Australian farmers have traditionally managed sheep as a single flock, Shovelton says, but there are hidden economic gains in using RFID tags to manage individual sheep. “There is a lot of variability in a sheep flock,” he explains, “but managing individual sheep manually is just too costly and time-consuming. RFID tags can store information on sheep, such as weight gain and loss, to determine the healthiest animals, and if a sheep has lost weight, it can be drafted off to get more food.”
In addition to breeding healthier sheep for consumption, Shovelton says, the value of the animals’ fleece can vary by up to $50 between the best and worst producing sheep in a particular flock. RFID could enable farmers to weed out those sheep that produce low-quality wool. By identifying the best performing and most valuable specimens, he adds, farmers could then manage them appropriately to maximize productivity and profitability.
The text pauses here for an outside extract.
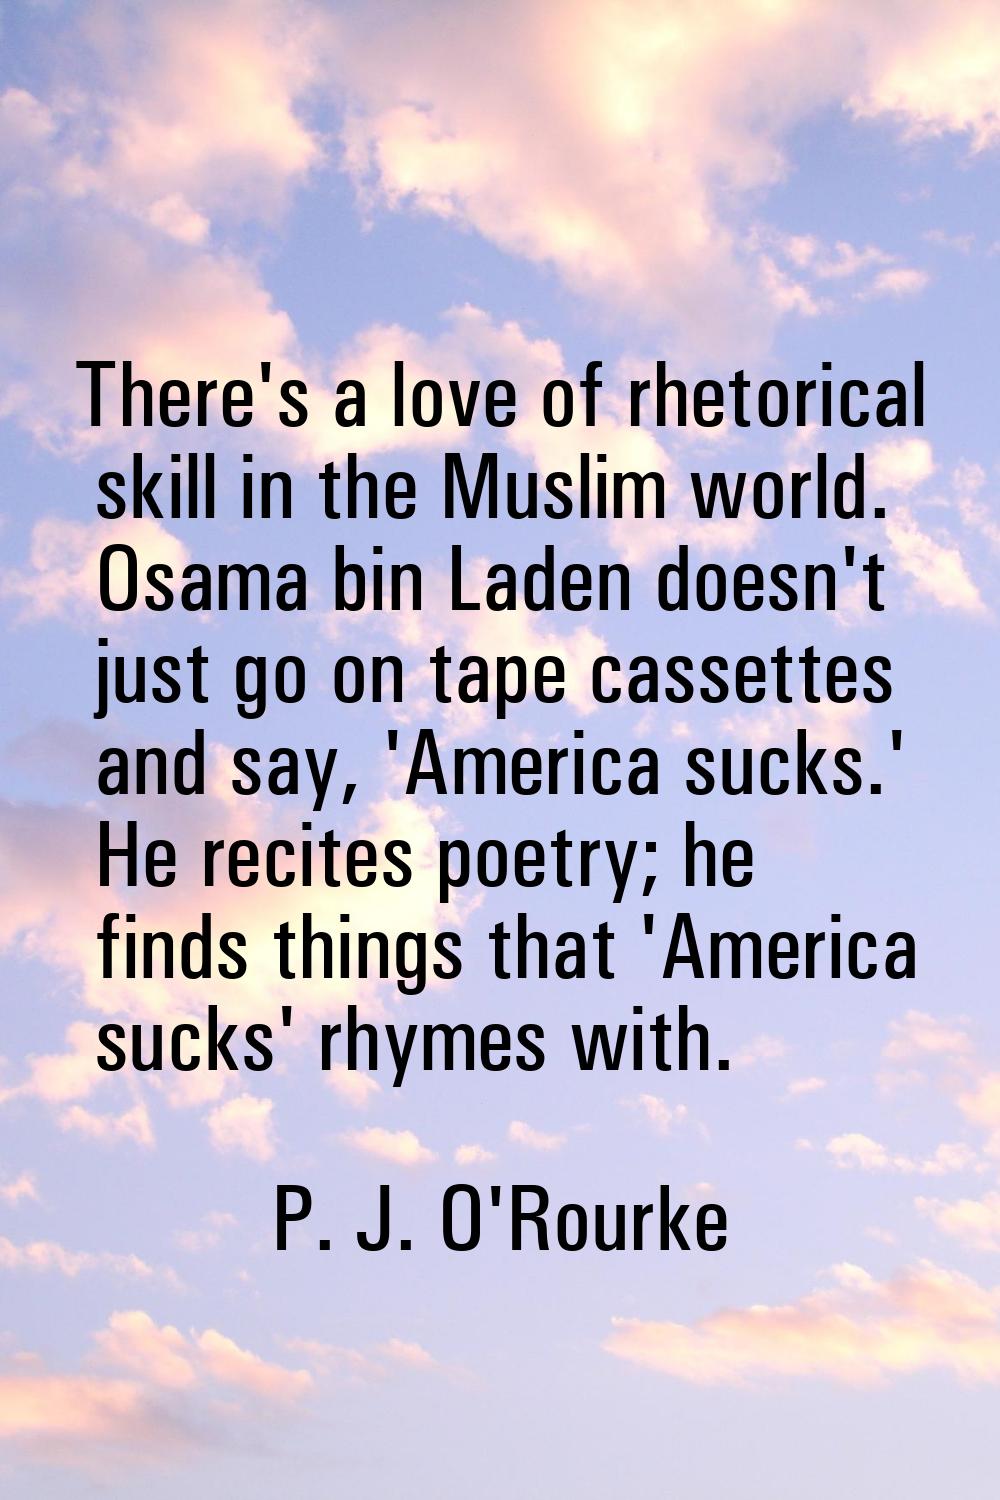 There's a love of rhetorical skill in the Muslim world. Osama bin Laden doesn't just go on tape cas

“Another potential way to do this using RFID is to link lambs with their ewe to determine if the offspring of one ewe is better than others,” Shovelton says. “This is difficult to do manually. But lambs follow their mothers. By tagging the sheep, it would be possible to automatically identify lambs with their mother as they walk past an RFID reader together.” There are clear economic gains in the identification of well-performing sheep, he explains: Farmers could separate poorly performing sheep from flocks, manage the distribution of feed appropriately and direct labor to where it is most needed.

The biggest obstacle, Shovelton says, would be data management. “A project like this will generate huge amounts of data,” he states, “and managing that would be very time-consuming.” Examining that issue, however, is one of the purposes of the six demonstration sites. RFID will not always be the most cost-effective solution, Shovelton says, but it is vital to determine where the economic benefits are, and to demonstrate how RFID can be employed practically.

According to Britt, the DPI and MS&A have installed RFID equipment at six commercial farms to test the technology under normal conditions. RFID interrogators have been installed on sheep drafts—narrow races, or passageways, with swinging gates that enable sheep to be separated into different pens—to allow individual sheep to be detected and the flock split up according to the information on the tag. Readers have also been installed in shearing sheds, and farmers have been trained in the equipment’s operation. In addition, the DPI is utilizing passive half-duplex (HDX) tags that operate at 134.2 kHz and comply with the ISO 11784 and 11785 standards—the same standards utilized for cattle tags.

“RFID is a technology that we are familiar with, given that there have been about 70 million tags produced for the cattle industry,” Britt says. “So we go into this project with a lot of experience and a lot of confidence.” The project will run for three years, he adds, though MS&A expects to have preliminary data on RFID’s benefits by the end of 2008.

“It is about getting comfortable with the technology and ensuring it works,” Shovelton states. “If the economic benefits are proven, a push to roll it out across all sheep farmers could come from the industry itself, rather than a government mandate.”